Hace dos semanas, cuando lograron ingresar al terreno, armaron un ‘cambuche’ con los materiales que pudieron y ahí se metieron las cuatro familias. El fin de semana pasado acordaron que cada familia armaría el propio, de unos cuatro metros por cuatro metros, pero la lluvia destruyó lo que habían avanzado y perdieron no solo el material sino una buena parte de sus pertenencias; literalmente, se quedaron sin un techo, y soportando las inclemencias del clima.

El resguardo para los menores de edad han sido las casas de los vecinos, quienes solidariamente les ofrecen un espacio más seguro.

El tema preocupa, pero lo que más les inquieta ahora es la presión de un desalojo y el hecho de que personas inescrupulosas han arribadohasta la zona donde permanecen asentadas para solicitarles dinero; es decir, para cobrarles por el área invadida.
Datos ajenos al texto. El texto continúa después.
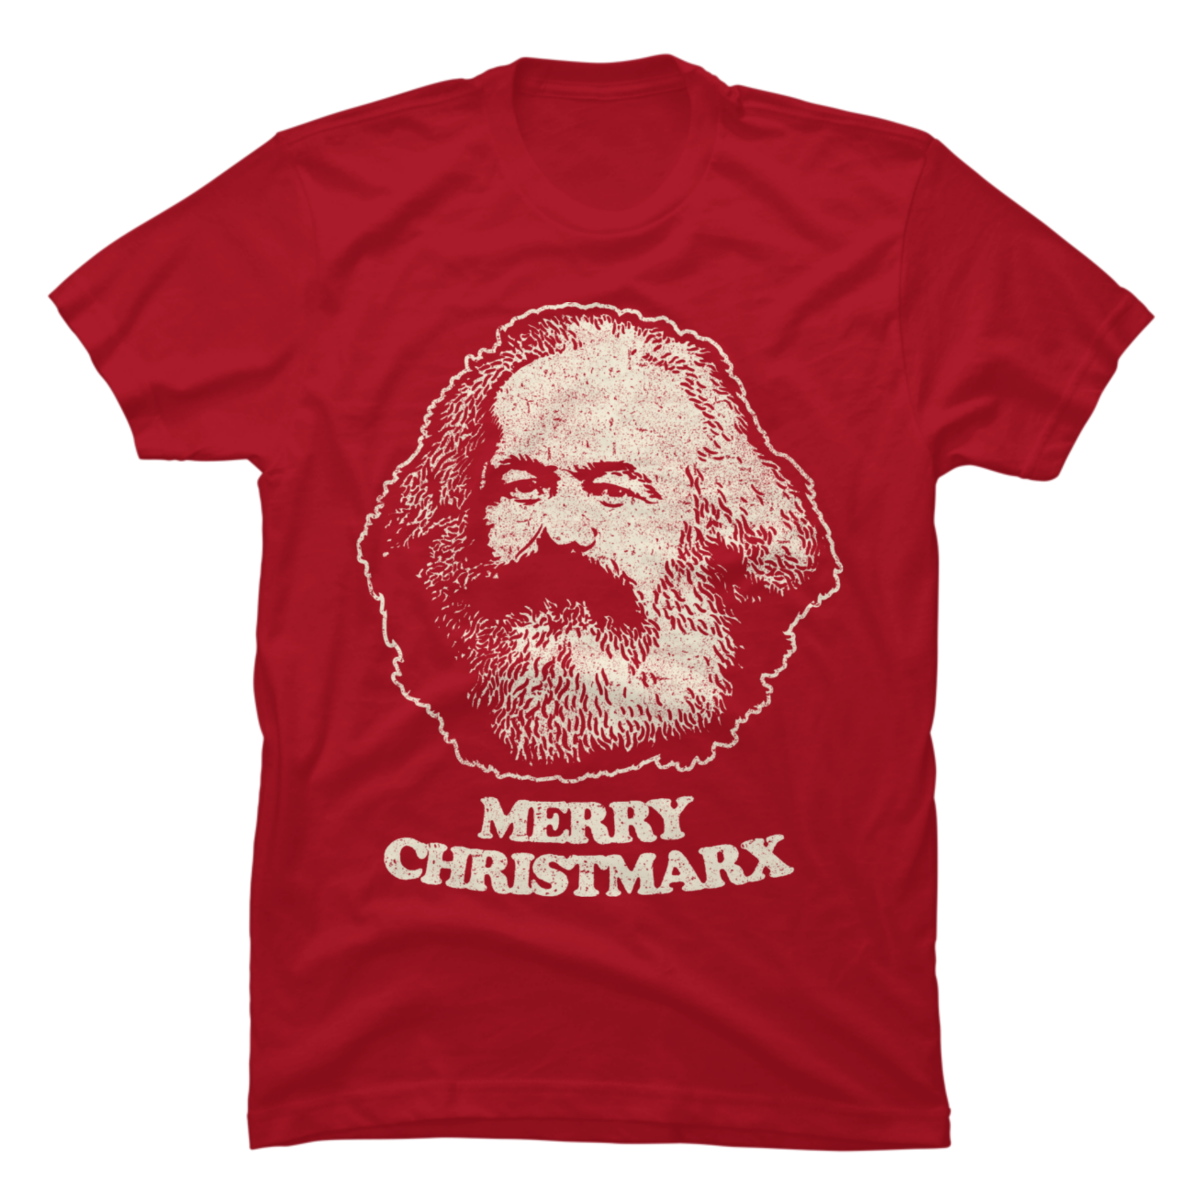 communist shirts

Y aunque ellos no han respondido a esta solicitud, temen que arremetan contra ellos.

Desde que se conoció la situación, las autoridades policiales son las únicas que han intentado recuperar las zona. Rodríguez subraya no se irán de allí hasta que la Alcaldía de Floridablanca o la Gobernación de Santander los escuche y realmente les brinden una solución.

Con respecto a este tema, Vanguardia intentó buscar alguna respuesta por parte de la Cdmb y Alcaldía pero no se logró obtener ningún pronunciamiento.